◆ Work required: Restate word for word the lines below, from the one containing "on android androidpit" through the final line, with no pictures included.

◆ Data provided:
*** Block opens ***
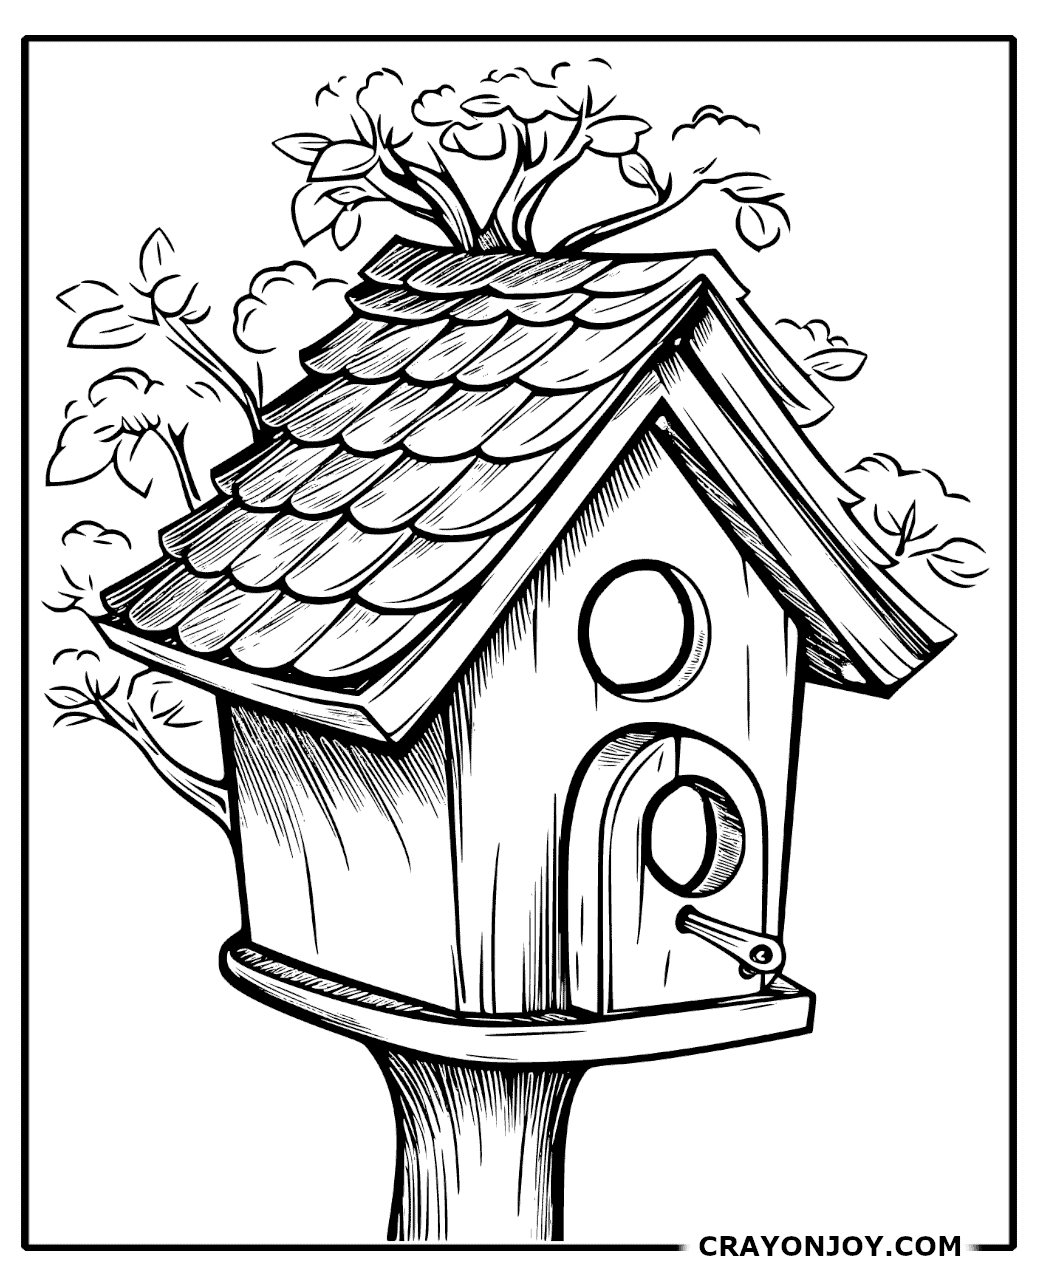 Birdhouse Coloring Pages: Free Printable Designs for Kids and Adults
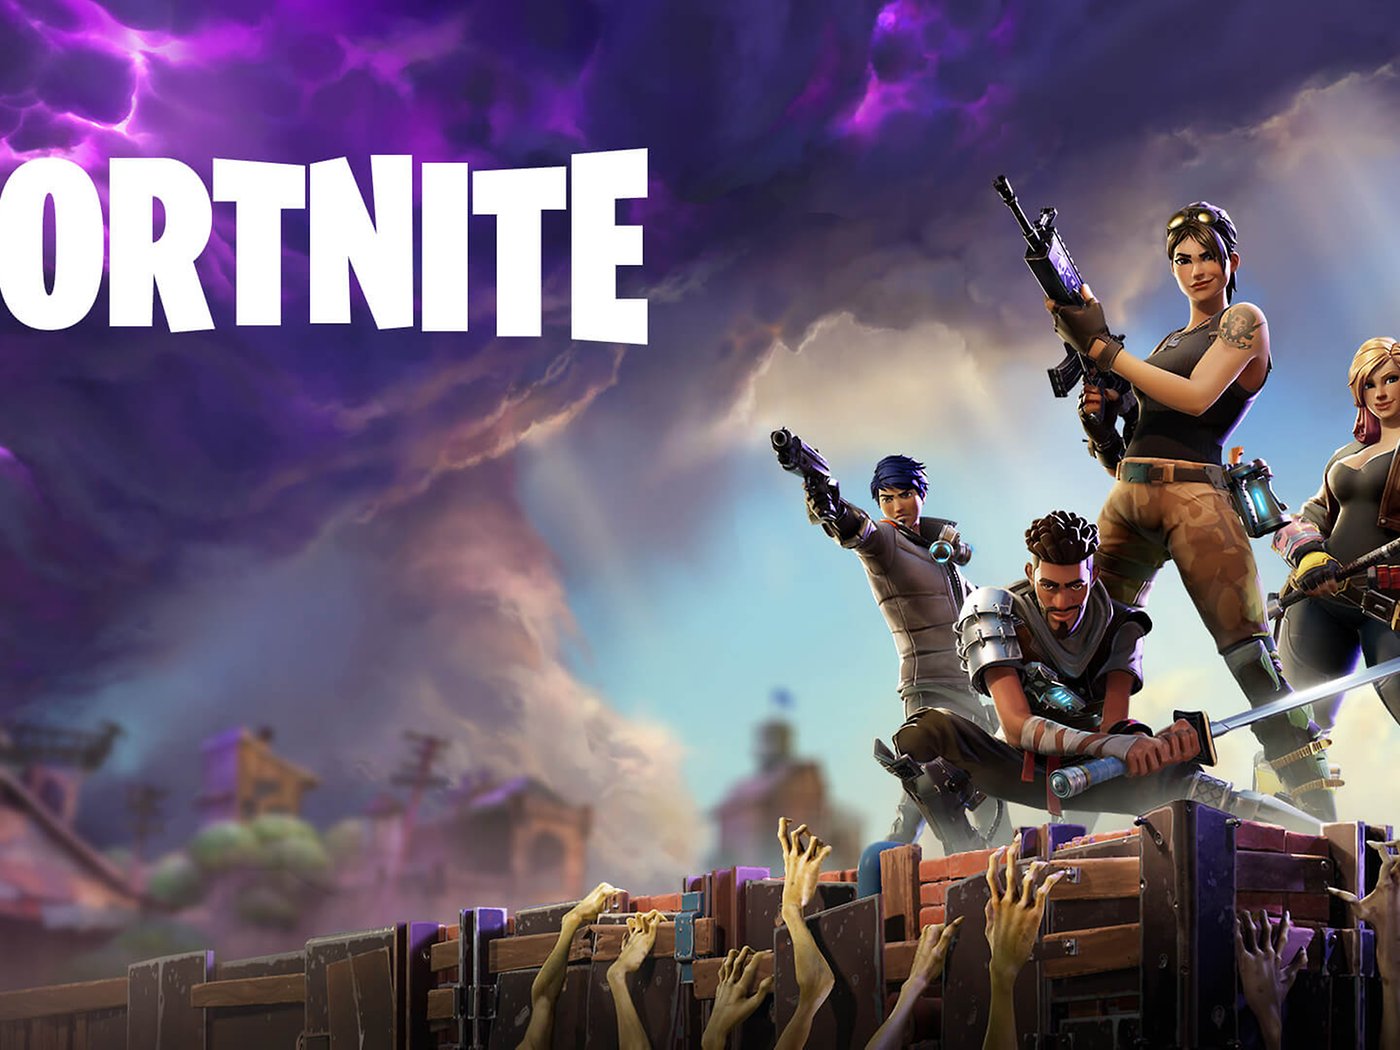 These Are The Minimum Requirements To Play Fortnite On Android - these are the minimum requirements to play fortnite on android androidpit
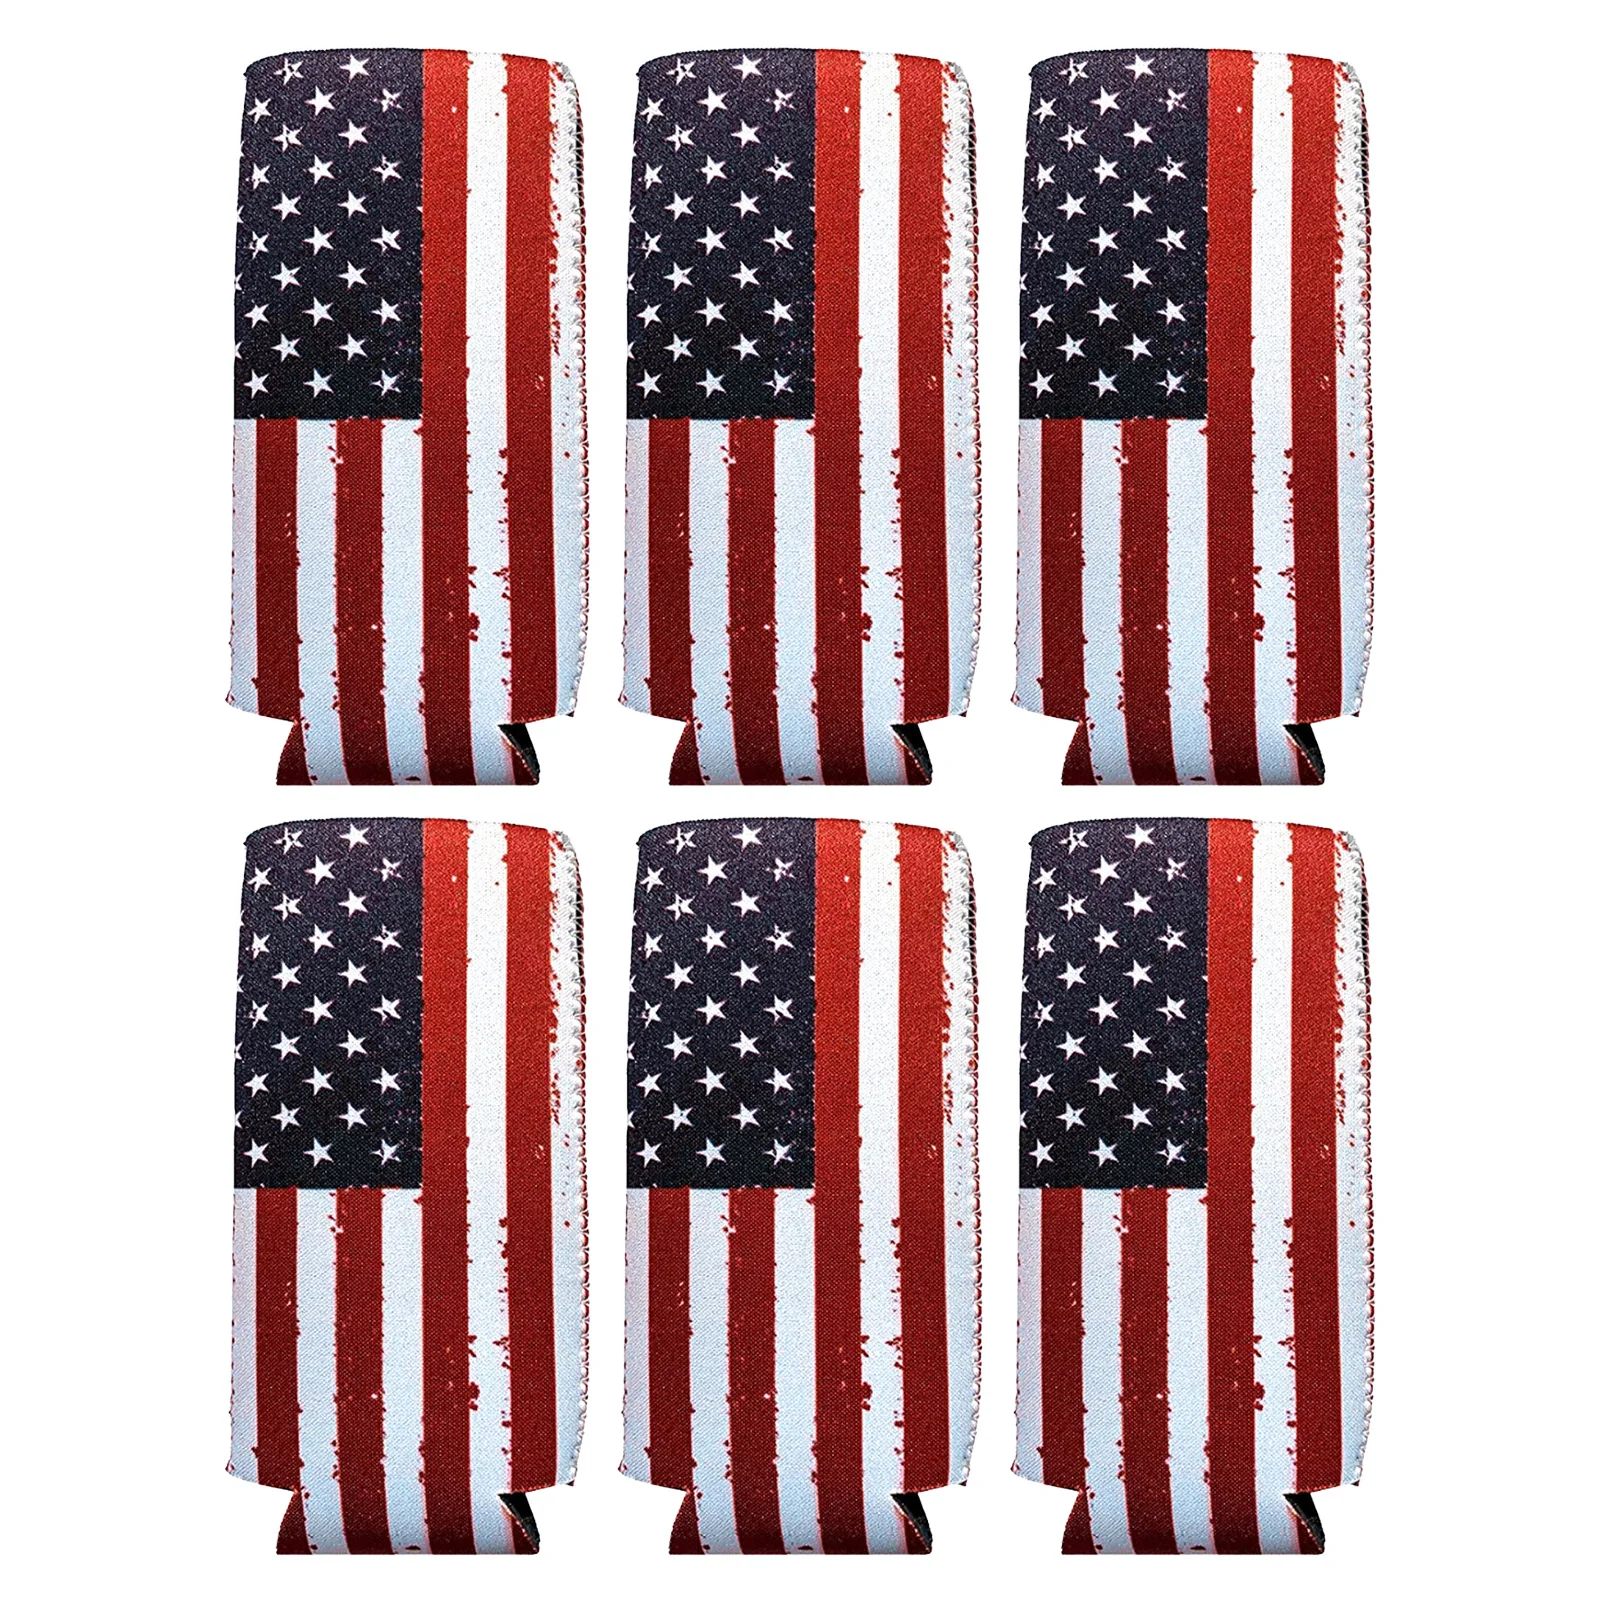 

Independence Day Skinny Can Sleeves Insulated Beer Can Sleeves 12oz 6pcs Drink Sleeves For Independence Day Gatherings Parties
*** Block closes ***
◆ Answer for this exercise:
 These Are The Minimum Requirements To Play Fortnite On Android - these are the minimum requirements to play fortnite on android androidpit

Independence Day Skinny Can Sleeves Insulated Beer Can Sleeves 12oz 6pcs Drink Sleeves For Independence Day Gatherings Parties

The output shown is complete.